The camps on the common seemed to have doubled in number. Fires sent lazy curls of smoke into the stillness as the visitors cooked pottage and fed themselves and their hordes of children.

There were more people than ever in the water. Gangs of boys had been jumping off Ouse Bridge as they passed and Hildegard had to restrain Kit’s desire to do likewise. Here swarms of people were swimming and splashing each other with raucous shouts or lying prone on the bank in the trampled grass. It was only as they proceeded along the river path that the crowds eventually thinned, and by the time they reached the woods there was hardly anyone about.

Duchess and Bermonda ranged ahead, fanning out on both sides and looping back again and again. She called them to heel as they entered the cool space under the trees. A path wound its way along, roughly following a line with the river. They caught a glimpse of water now and then like a ribbon of light behind the boles. When the path dipped down into a dell they continued until it brought them out into a wide, sunlit clearing with Low Mill on the other side.

The geese were still strutting about the yard and gave an excited gabble when they saw strangers. Hildegard told Kit to slip the leash onto the hounds’ collars. There were still seven geese, she observed. So much for her supposition about the miller’s Corpus Christi feast. The small child with the thatch of hair came bursting out through the back door then skidded to a halt when he saw them.
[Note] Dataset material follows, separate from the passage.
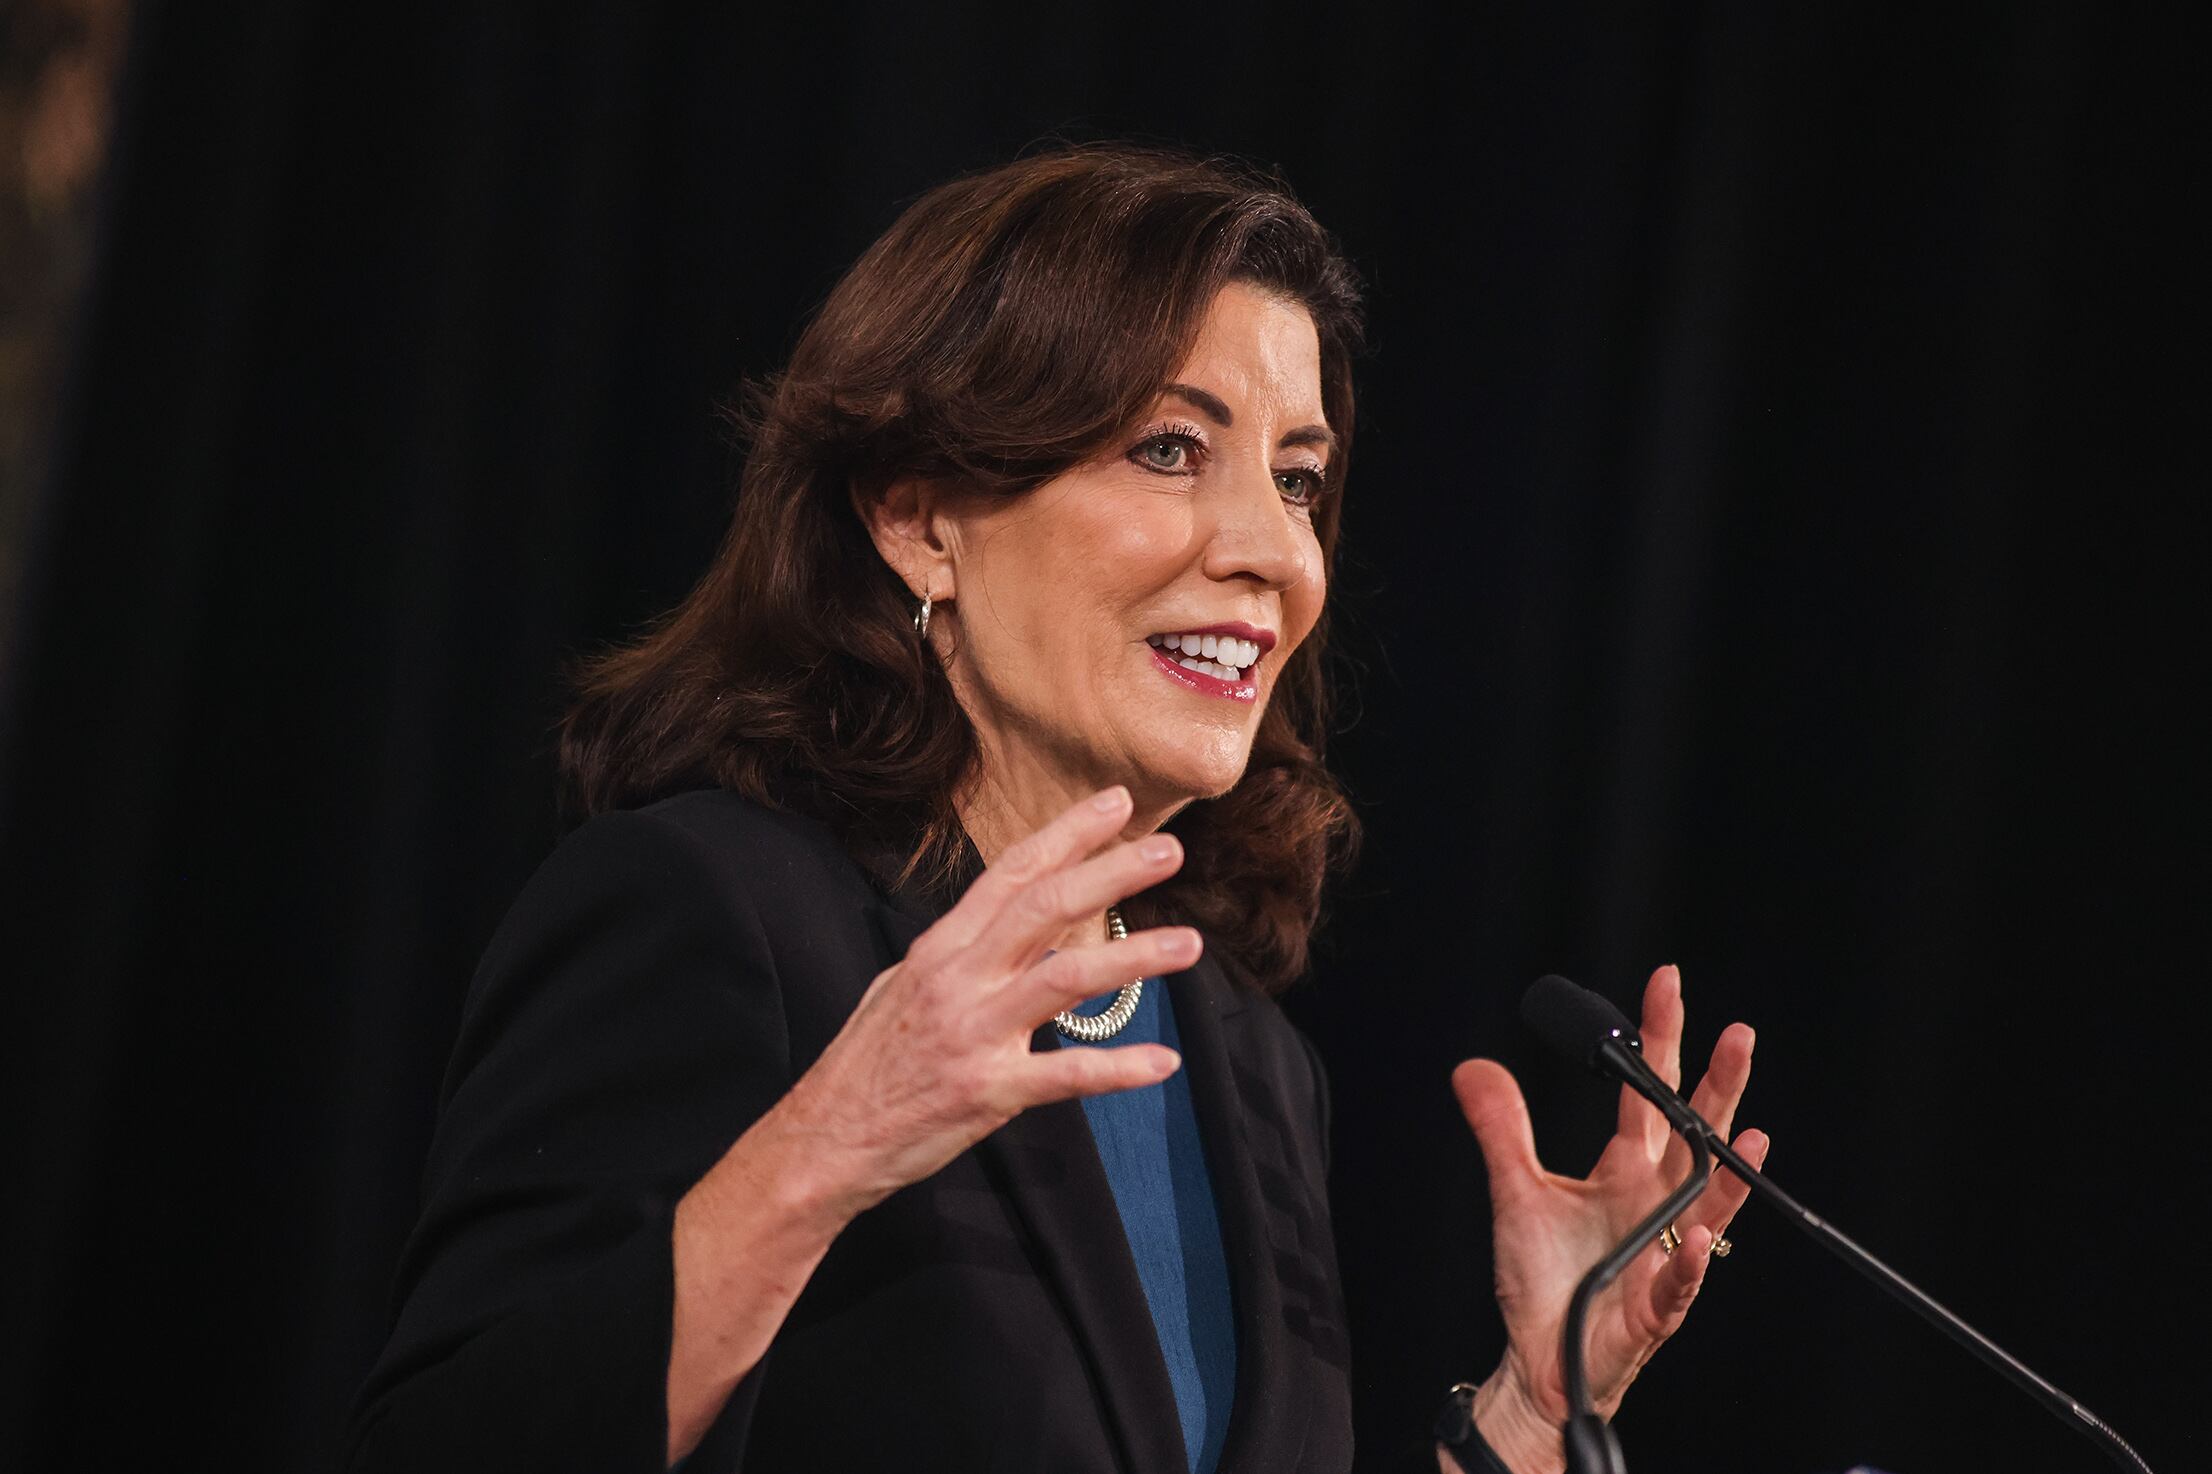 A woman with medium length brown hair holds her hands up while she speaks at a podium with a dark background.

A woman appeared behind him in the doorway.

After a few pleasantries which Hildegard opened with the hope that she could buy a few goose eggs, the miller’s wife offered them drinks of water and invited them into the kitchen. The wooden wheel was turning with a regular, soporific beat. She laughed when Hildegard remarked on it.

“No time for sleeping here,” she said, “what with corn having to be ground and young master to attend over there.” She indicated a baby in a cot under the window. “I don’t get a spare minute.”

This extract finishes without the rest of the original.